Although, terrorists and bandits alike have largely reworked their killing/destruction strategies, they continue to harvest more victims by the day. The situation has become so frequent and commonplace that attacks lately, often in excess of hundreds, no longer enjoy whatever shock value!

Indeed, seven years down the line, it is possible to contend along the following lines in a repetitive vein:

if the experience on insurgency, banditry and extra-judicial killings have remained significantly disturbing, with Kano-Kaduna-Sokoto axis assuming leadership in wanton human slaughter; if the economy has not been parleyed to address yearnings of millions of Nigerians, with unemployment figures at almost 35 percent, second highest on global list;

if the cost of governance has remained intolerably high, if inflation has become even more rabid in its destructive trail, and if staggering commitments to electricity generation in excess of billions of naira have failed quite obviously to justify election promises of steady electricity – not with the national grid which of late has routinely collapsed, sending offices, private habitations and major streets to weeks, even months of darkness, thus dealing terrific blows on SMEs and artisanal strivings; how factually can the Buhari leadership attract any less acerbic assessment at this point in time?

Read also: Buhari’s seven years: The gains and the pains

Therefore and under the circumstances, how best President Buhari invests the balance of his remaining one year in office depends on his candid appreciation of his journey so far against the summative essence of governance. By now, he and his cabinet members must have realised that delivering the gains of governance goes well beyond toasting campaign oratories or phantom utopian idealising of populist political grandstanding.

While admitting that governing a complex, multi-ethnic social formation like Nigeria cannot be a tea party, we still believe that the performance of any administration should not be so low as to enforce wonders if any party that clinched power upon all promises, exploring all available channels for electoral victory, should offer such appalling performance!

One year to go, BusinessDay wishes to recommend emplacement of institutions to drive actions on all fronts. These range from controlling inflation, to reining in endemic corruption, fighting insurgencies and miscellaneous banditry, thus assuring performances across broad fronts – executive, legislative, judicial.

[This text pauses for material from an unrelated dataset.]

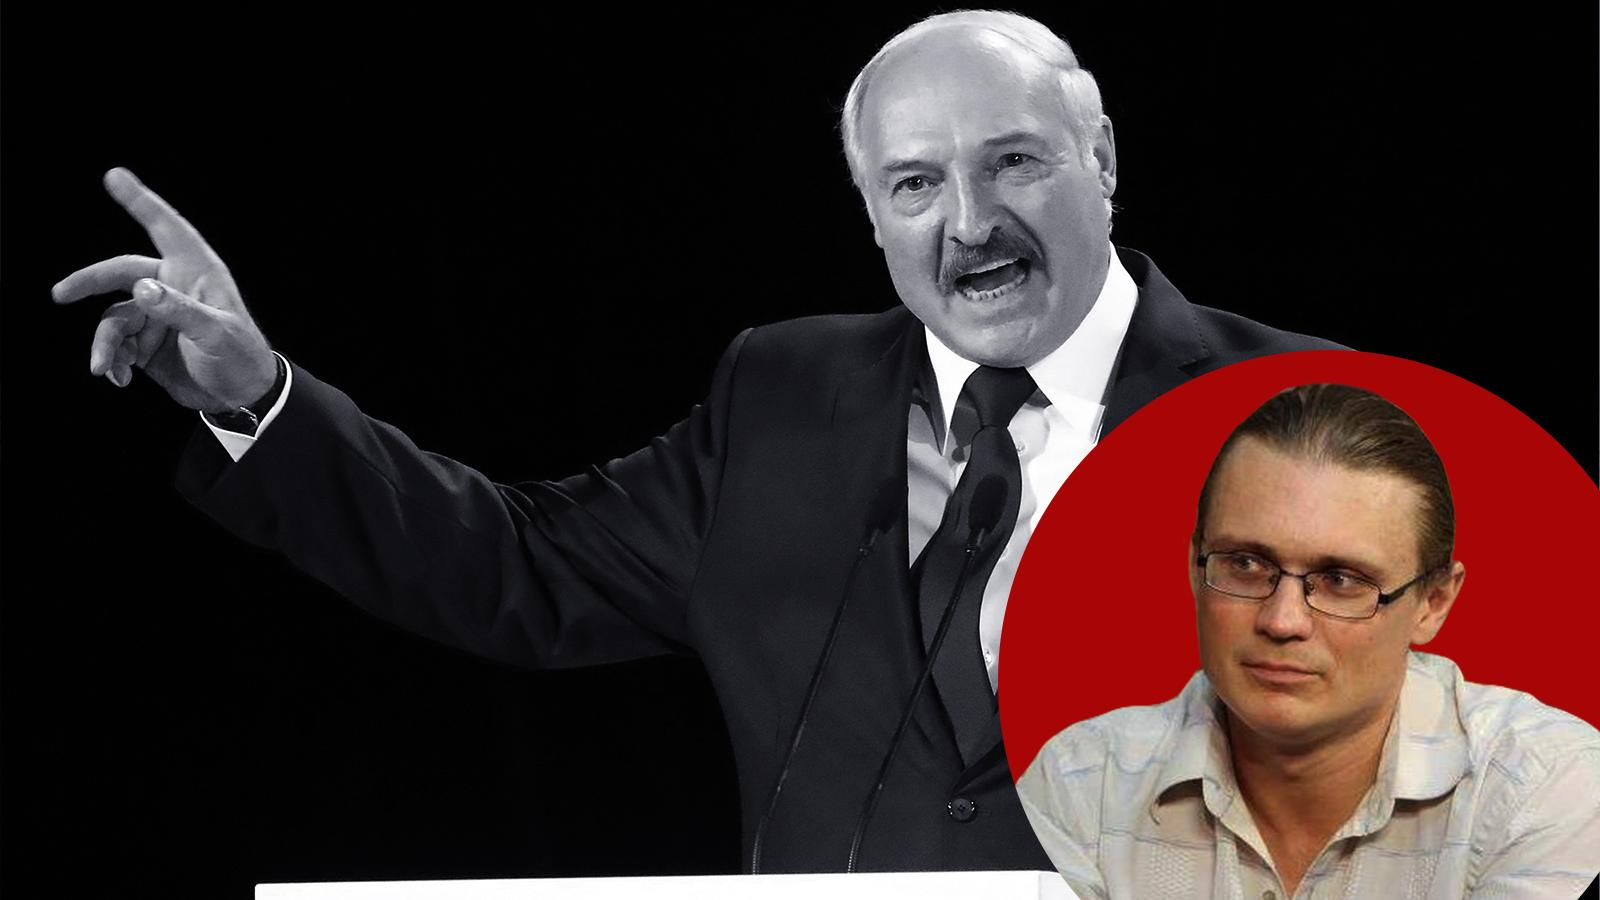 лидер партии лдпр в рф

President Buhari will do quite well to lay foundations in monitoring/standardising performances in critical areas like in the oil industry and security. The multiplicity of errors that have cogged the country’s desirable advance are routinely attributed to an almost non-existent basic institutional frameworks that ought to under-gird every serious action in public administration.

As yet, programmes and commitments of governments have traditionally been a result of overnight thoughts and fire-brigade responses! But on the other hand, when institutions drive actions, when policies are rooted in unflagging bureaucratic/institutional rivets, results of governance programmes/actions tend to be wholesome, deeper-reaching, steady, systemic and systematic, and predictable to assure delivery of needful services for the betterment of Nigeria and Nigerians.

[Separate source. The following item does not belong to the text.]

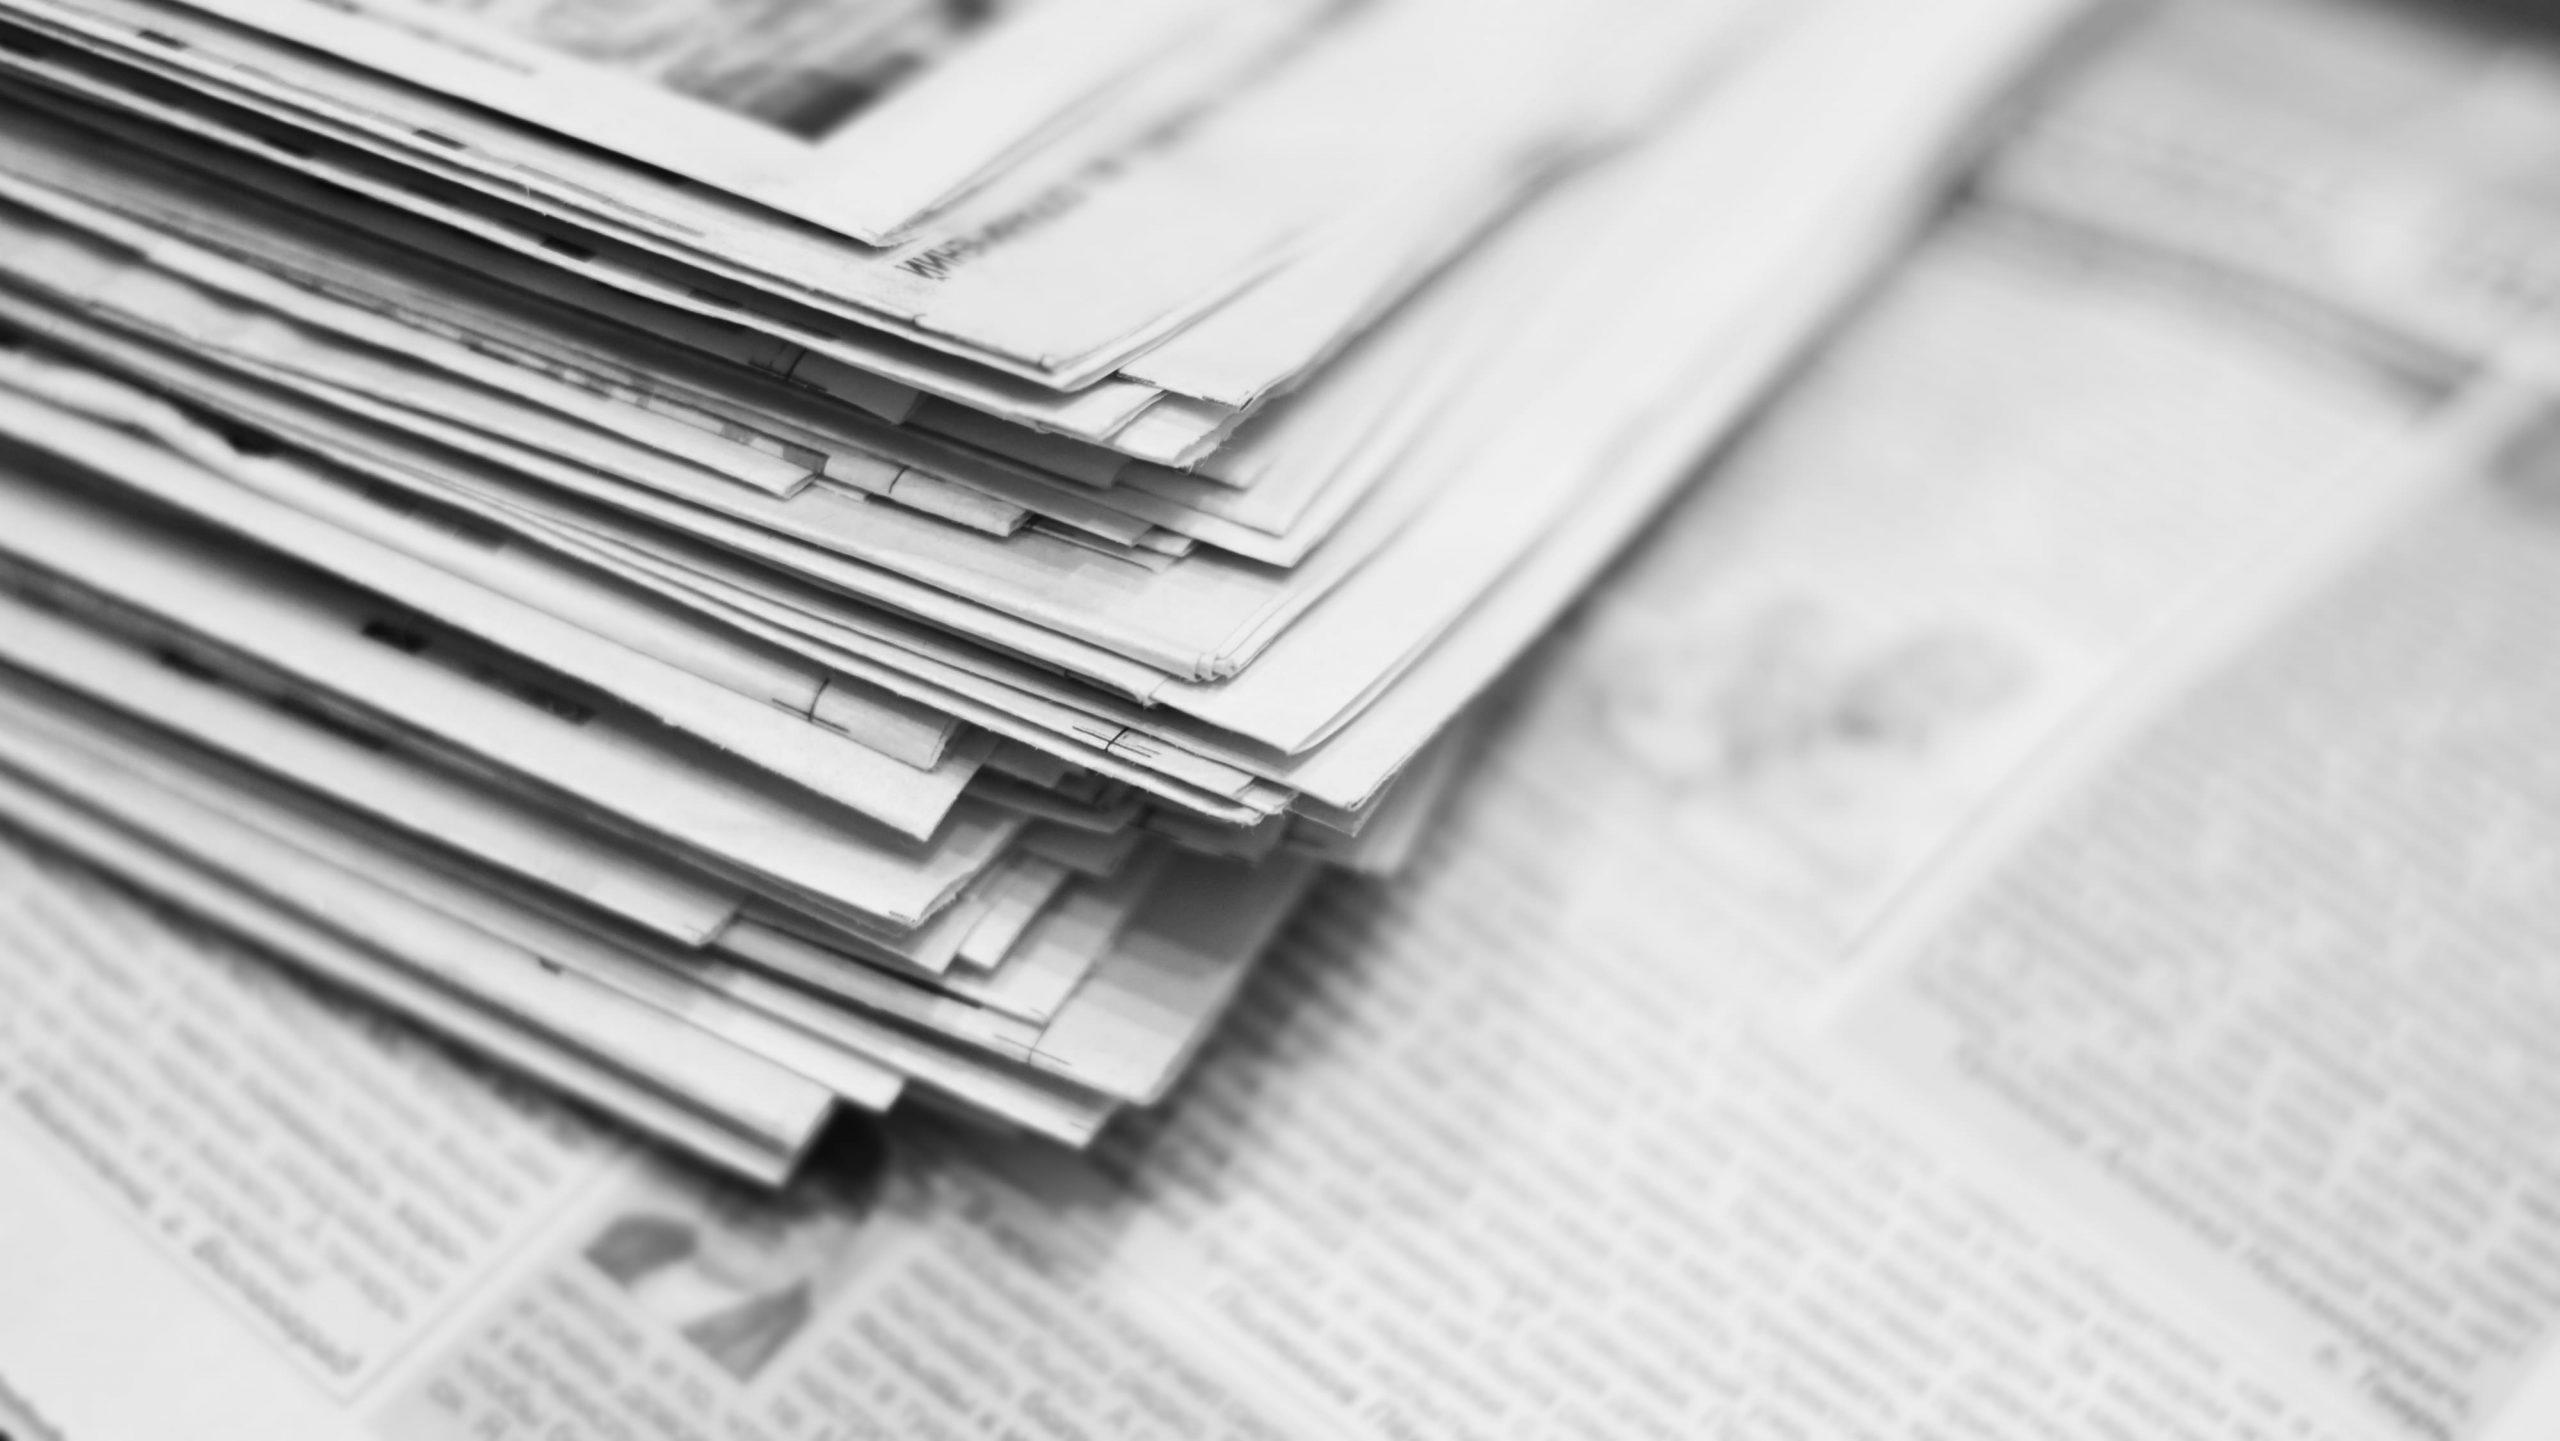 Zeitungspapier aufgeklappt

Indeed, if Buhari pays heed to em-placing strong institutional ramparts as precise indemnity against common, but predictable, vagaries and frailties of leadership, his presidency may still have something to show for the eight years in office. Otherwise, it is feared that at the rate in which very many things are going wrong, the Buhari presidency may go down in history as a disaster to the social formation called Nigeria.